The goal of semanti.ca (pronounced seh-man-tee-kah) is to make the information on the Web accessible in its pure form. We build an AI-powered technology that looks at web pages and sees the information they contain. The modern web pages are noisy, user interface fashion and technology are constantly changing, but semanti.ca keeps bringing you clean, normalized and organized information from noisy and ever-changing Web. Whether you provide an online service that relies on web content, or a data-driven business-to-business software, do technology or competitive intelligence, you can rely on us.
semanti.ca is an AI-powered scalable web article data extraction API. To extract data, semanti.ca loads a web article in a browser and reads it, just like humans do. semanti.ca accurately recognizes titles, headlines, published and updated dates, images, captions, tags. It extracts the content text and the HTML code, by ignoring advertisements, design elements, and any other text or image not related to the main content.

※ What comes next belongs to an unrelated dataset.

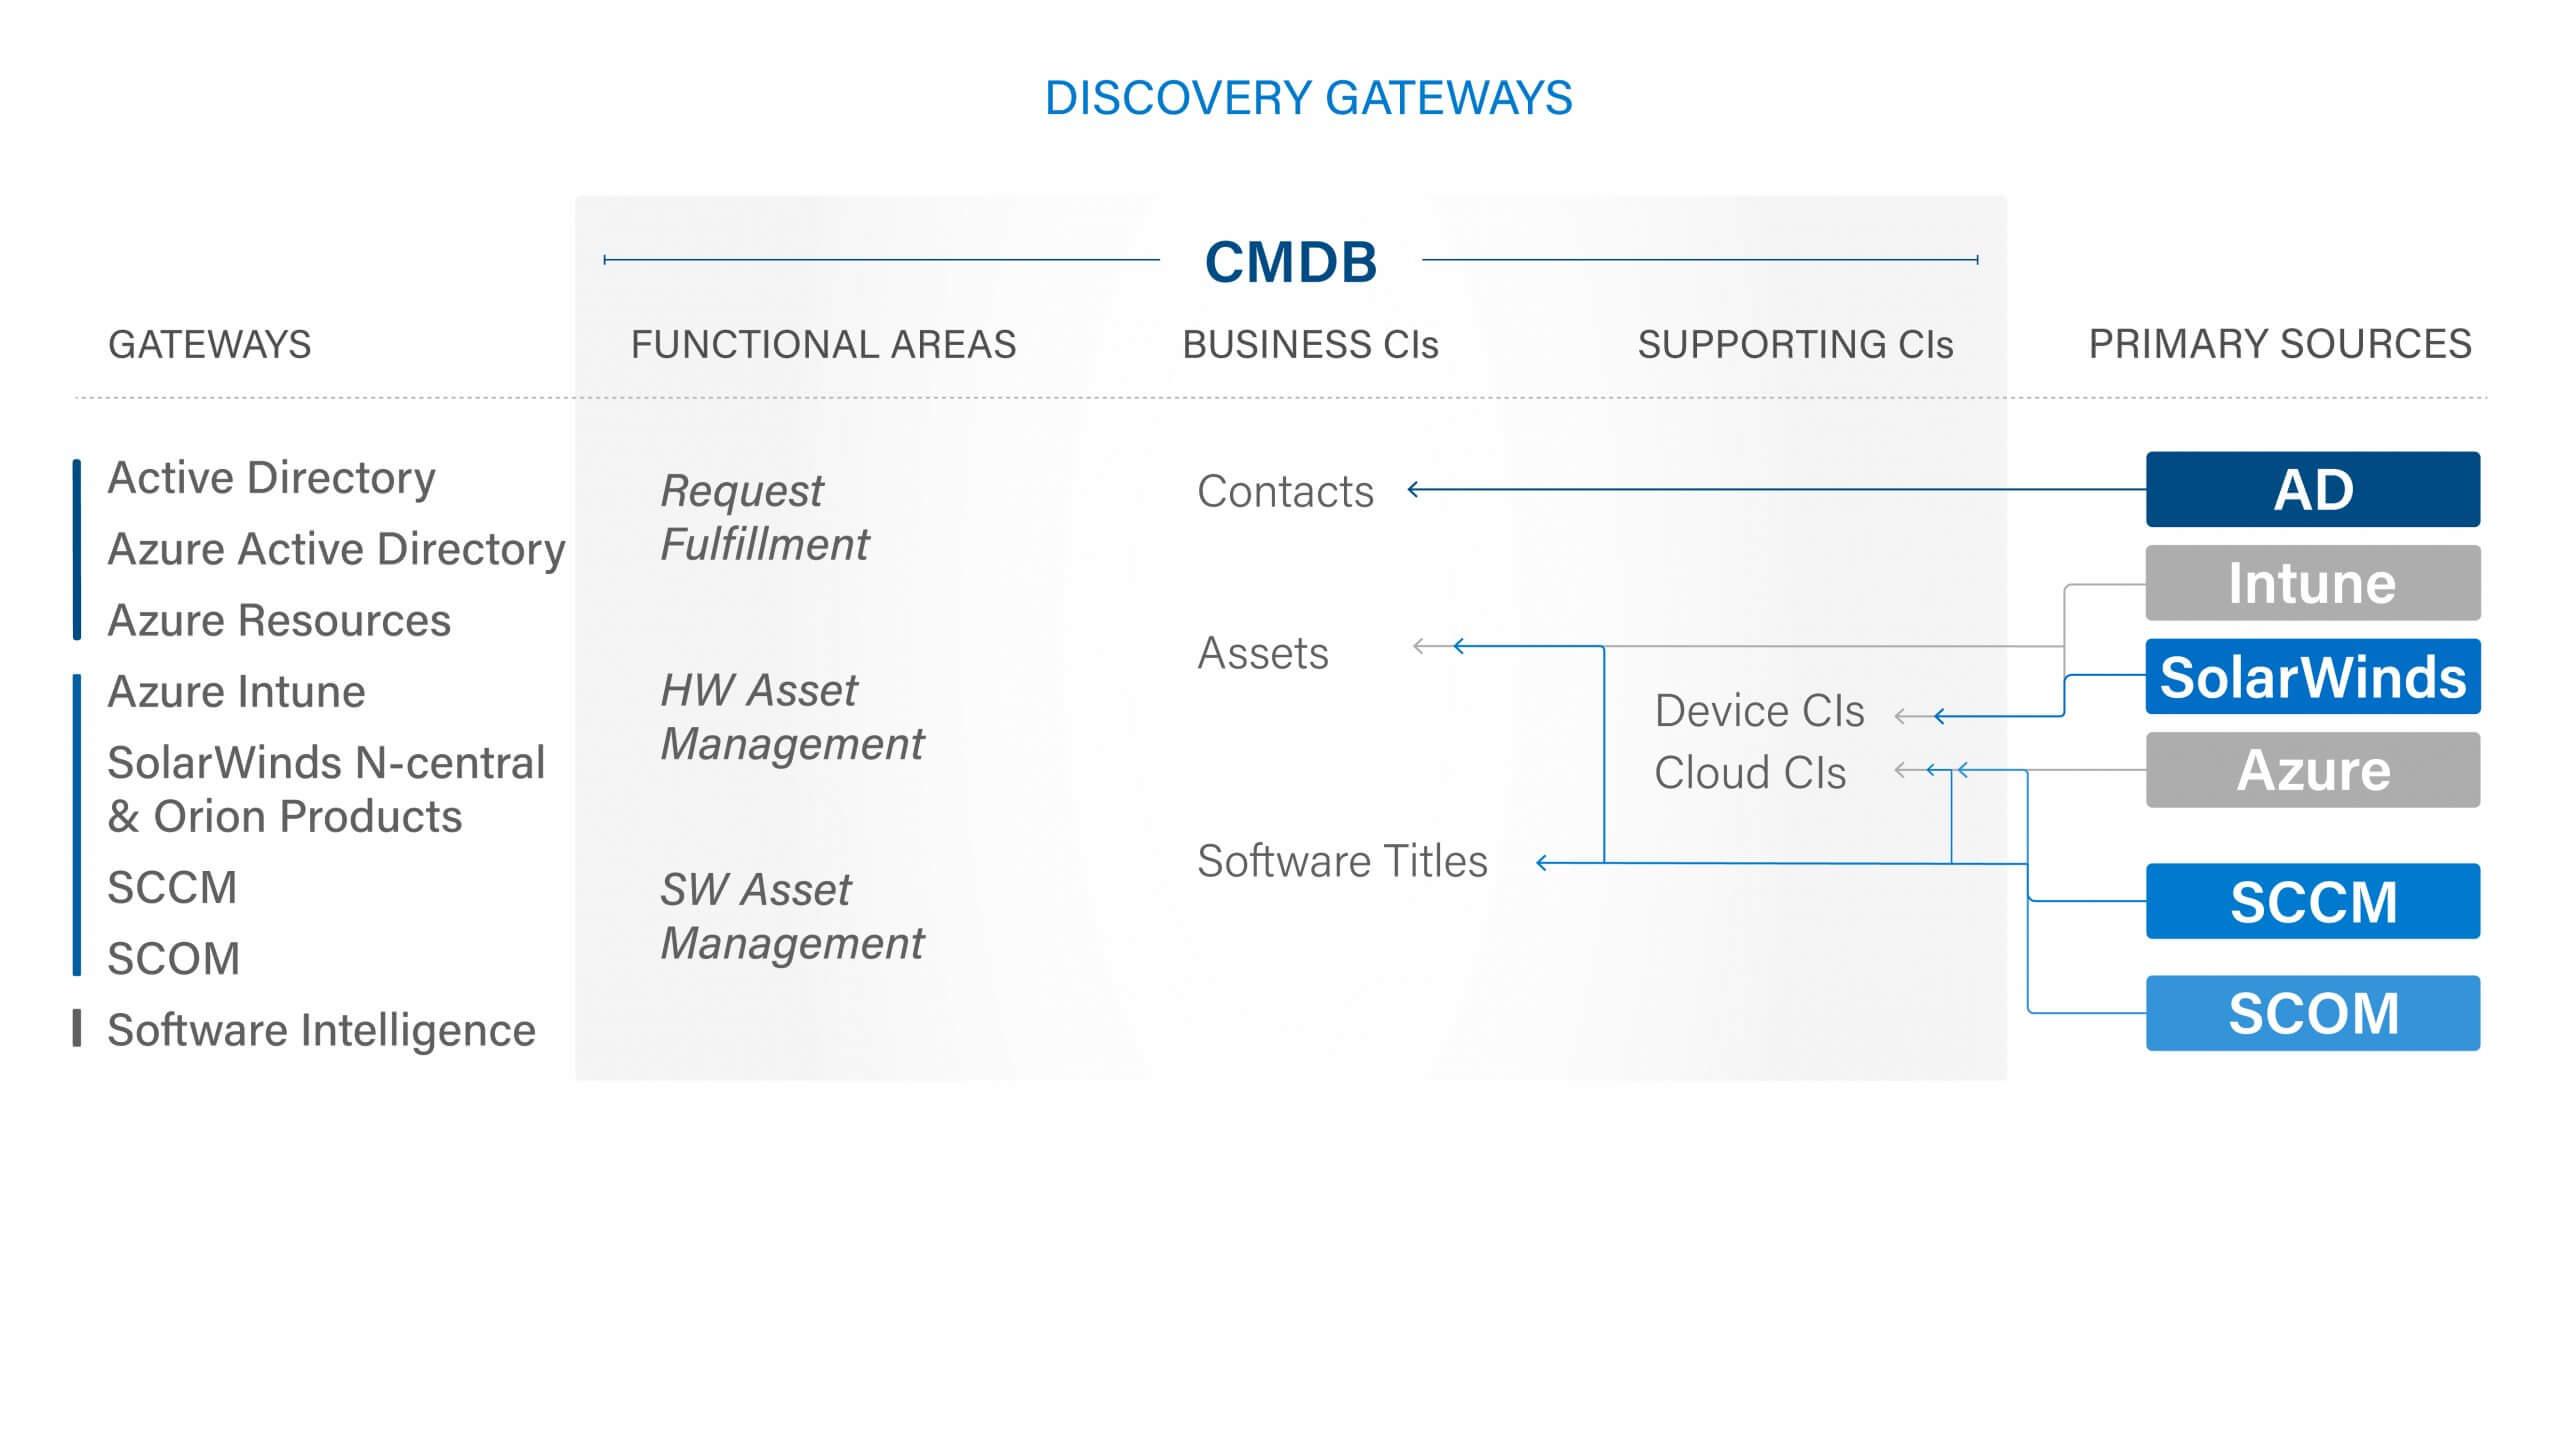 Discovery Gateways Diagram

semanti.ca is not tailored to some specific website UI or technology. It was trained on hundreds of thousands of examples and is capable of recognizing relevant elements on the web page, independently of how the web page was built. It actually "looks" at the web pages and recognizes the content by using a statistical model learned from data.
Furthermore, semanti.ca classifies the extracted content according to the IPTC Media Topics Taxonomy and extracts key phrases from the text. This helps our customers to organize the extracted content.
We believe that if you do something you have to do that better than anyone else. Otherwise, what is the point of doing anything?
To ensure the highest quality of our statistical models, we constantly add new training data to improve them. We monitor the data our clients send to us and analyze how our AI reacts to it. If our AI could have reacted better to some client's input, believe us, we will make sure that next time it will.